Cholesterol-lowering drug; hydroxymethylglutaryl-CoA reductase inhibitor
For patients with hypercholesterolemia and asymptomatic coronary heart disease (CHD), pravastatin (Pravachol) is indicated for: reducing the risk of myocardial infarction, reducing the risk of undergoing myocardial revascularization surgery, and reducing the risk of cardiovascular death without increasing the risk of death from non-cardiovascular causes. /US Product Label Content/
For patients with clinically manifested coronary heart disease (CHD), pravastatin (Pravachol) is indicated for: reducing the risk of all-cause death by reducing coronary heart disease mortality, reducing the risk of myocardial infarction (MI), reducing the risk of undergoing myocardial revascularization surgery, reducing the risk of stroke and stroke/transient ischemic attack (TIA), and slowing the progression of coronary atherosclerosis. /US product label includes/
Pavastatin's indications: As adjunctive therapy to lower total cholesterol (Total-C), low-density lipoprotein cholesterol (LDL-C), apolipoprotein B (ApoB), and triglyceride (TG) levels, and to increase high-density lipoprotein cholesterol (HDL-C) levels in patients with primary hypercholesterolemia and mixed dyslipidemia (Fredrickson type IIa and IIb). As adjunctive therapy to treat patients with elevated serum triglyceride levels (Fredrickson type IV). For the treatment of patients with primary beta-lipoproteinemia (Fredrickson type III) who have not responded well to dietary therapy.
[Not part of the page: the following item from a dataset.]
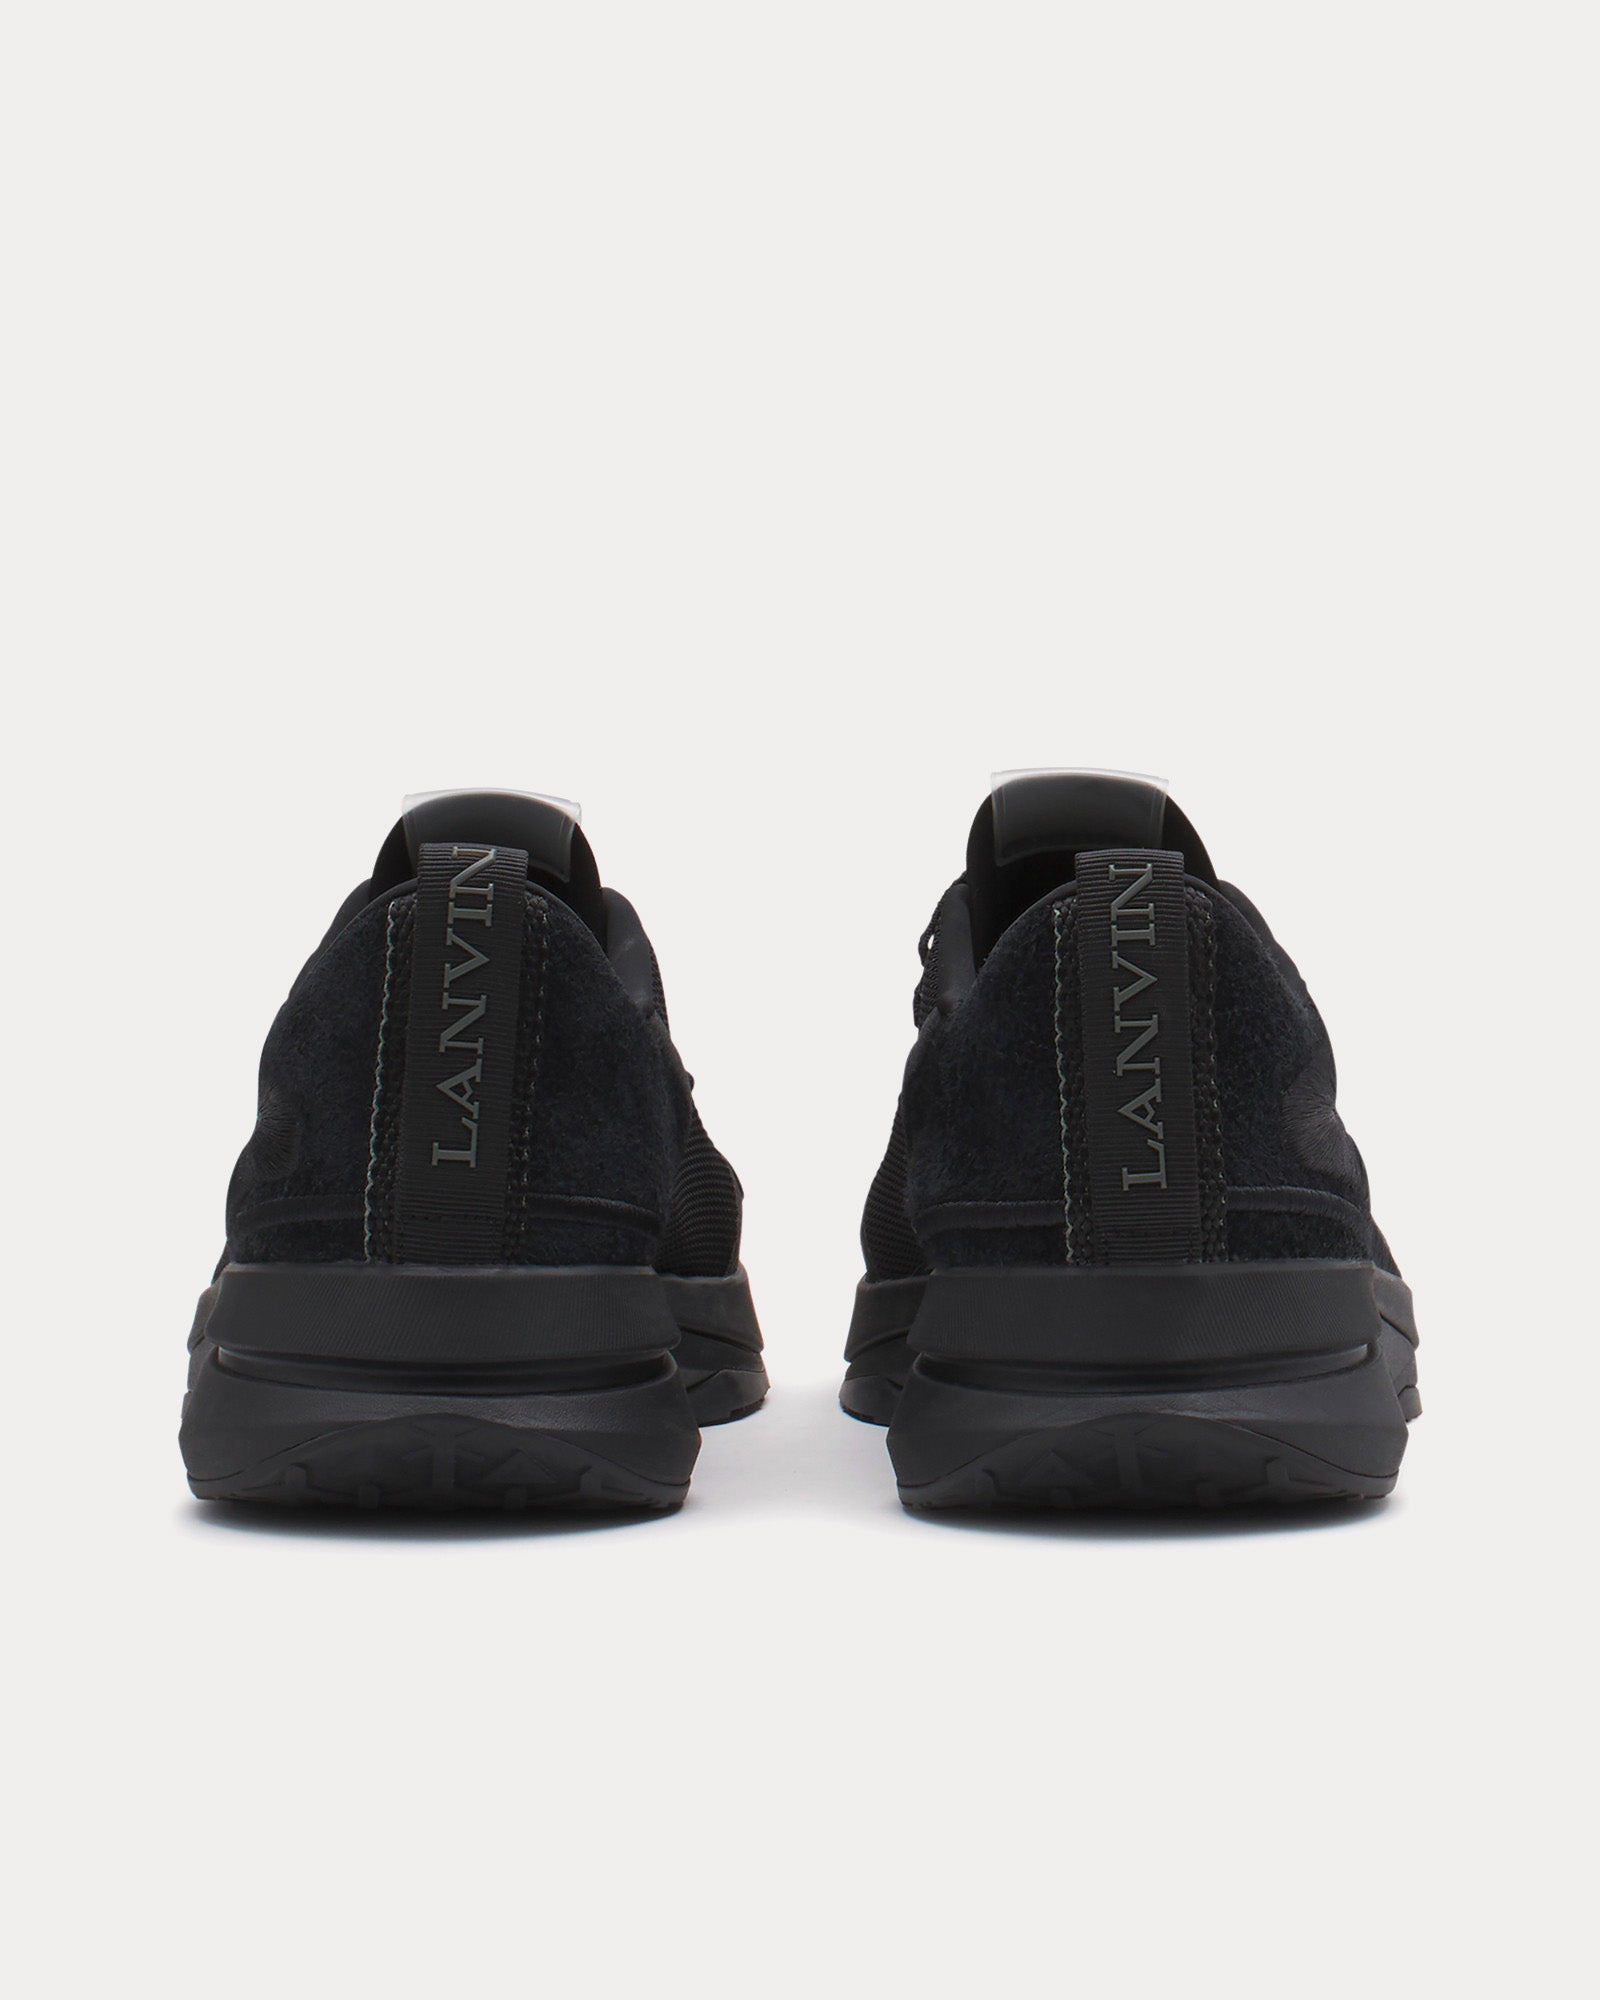 Lanvin - L-I Mesh Black / Black Low Top Sneakers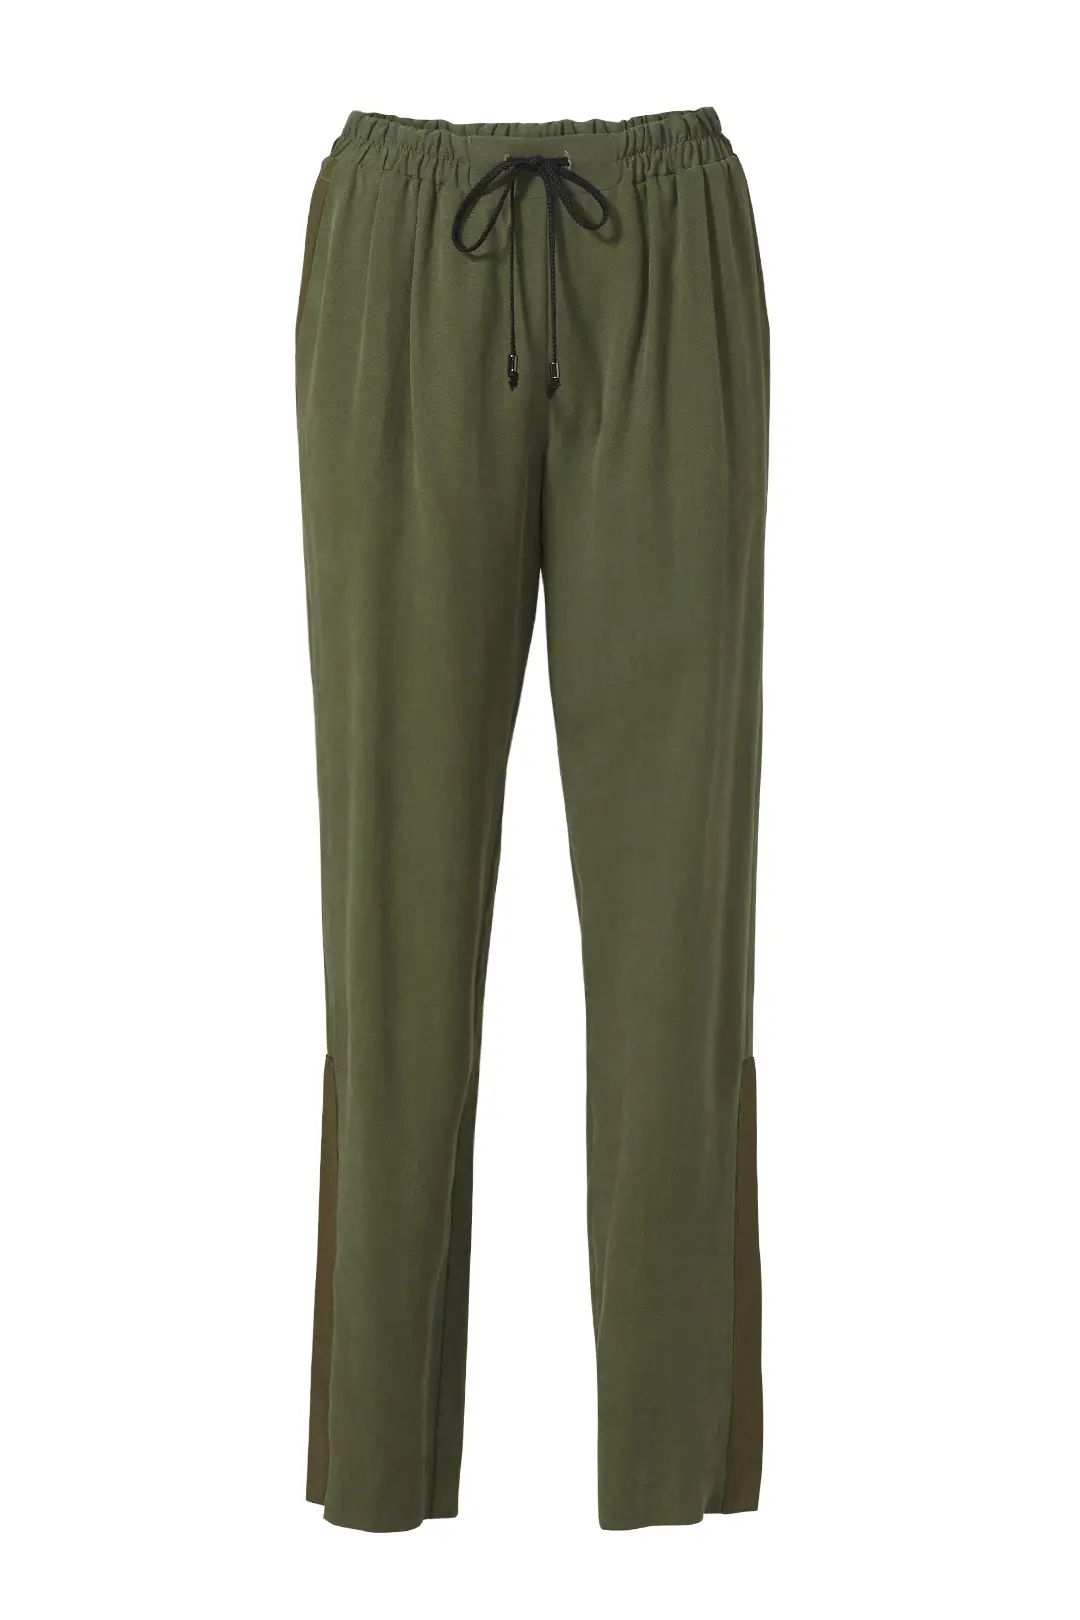 Waverly Grey Olive Serena Pants | Rent The Runway

As adjunctive therapy to dietary and lifestyle interventions, pravastatin is indicated for the treatment of children and adolescents aged 8 years and older with heterozygous familial hypercholesterolemia (HeFH) who, after adequate dietary intervention, have: a. maintained LDL-C ≥190 mg/dL, or b. maintained LDL-C ≥160 mg/dL, and have a family history of early-onset cardiovascular disease (CVD), or have two or more other CVD risk factors. /US product label contains/
For more complete data on the therapeutic uses of pravastatin (of 9), please visit the HSDB record page.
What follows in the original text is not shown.